Clearly, it is extremely important that a supply chain outsourcing strategy identify risks. But HBR research concludes to have lack of any process to identify, prioritize, manage, and mitigate risks. In the HBR database of hundreds of companies, it was found that most firms ignore risks, sometimes with dire consequences. Their data show that when companies analyze global outsourcing decisions, they fall into three categories. Those who:
- add a risk assessment, 10%
- look at unit cost plus transportation only, 35%
- include inventory as part of the assessment, 55%
In other words, 90 percent of the firms do not conduct a risk assessment when outsourcing production. Yet, sourcing offshore carries myriad additional risks such as political instability, port disruptions, currency swings, demand swings, and more. Unforeseen events occur more frequently in very long global supply chains.
And it's not just the global environment that creates supply risk. There's plenty of it in almost every major initiative.
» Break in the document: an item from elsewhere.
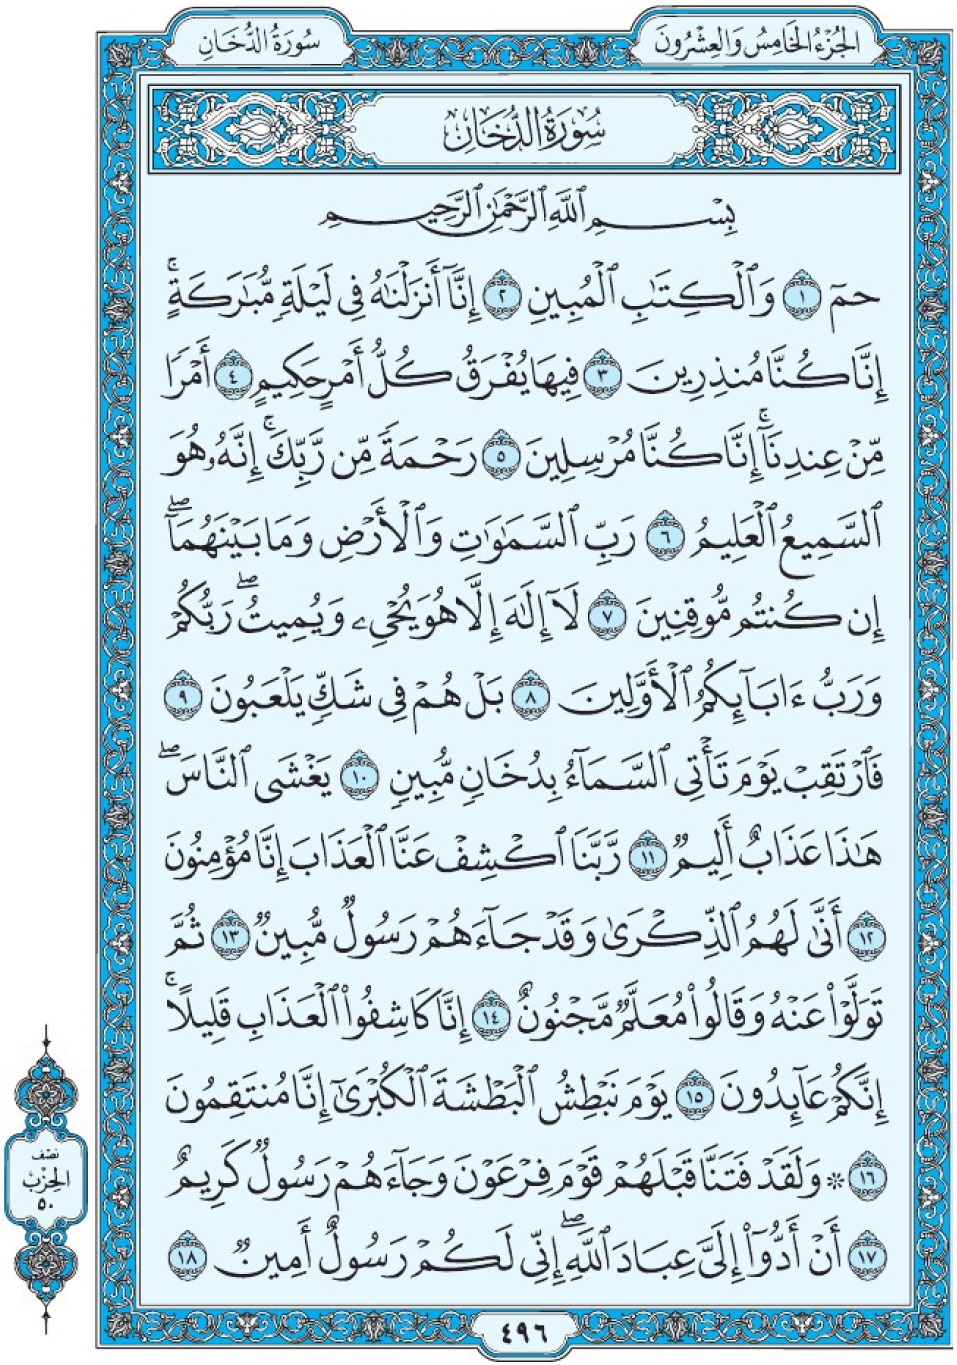 Коран Мединский мусхаф страница 496, сура 44 Ад-Духан سورة ٤٤ الدخان

For example, a supply chain professional from a toy retailer told of trying to implement a new fulfillment system that went far over schedule and budget. The Christmas spike exploded before the fulfillment system was complete, resulting in an inability to process orders. People throughout the company worked 50 days straight, including Sundays, to try to stay ahead, yet the firm was forced to send thousands of letters saying, "Sorry your toy order will not arrive before Christmas."
Do you think most companies have made real changes to their practices to reduce risk as a result of recent major disruptions?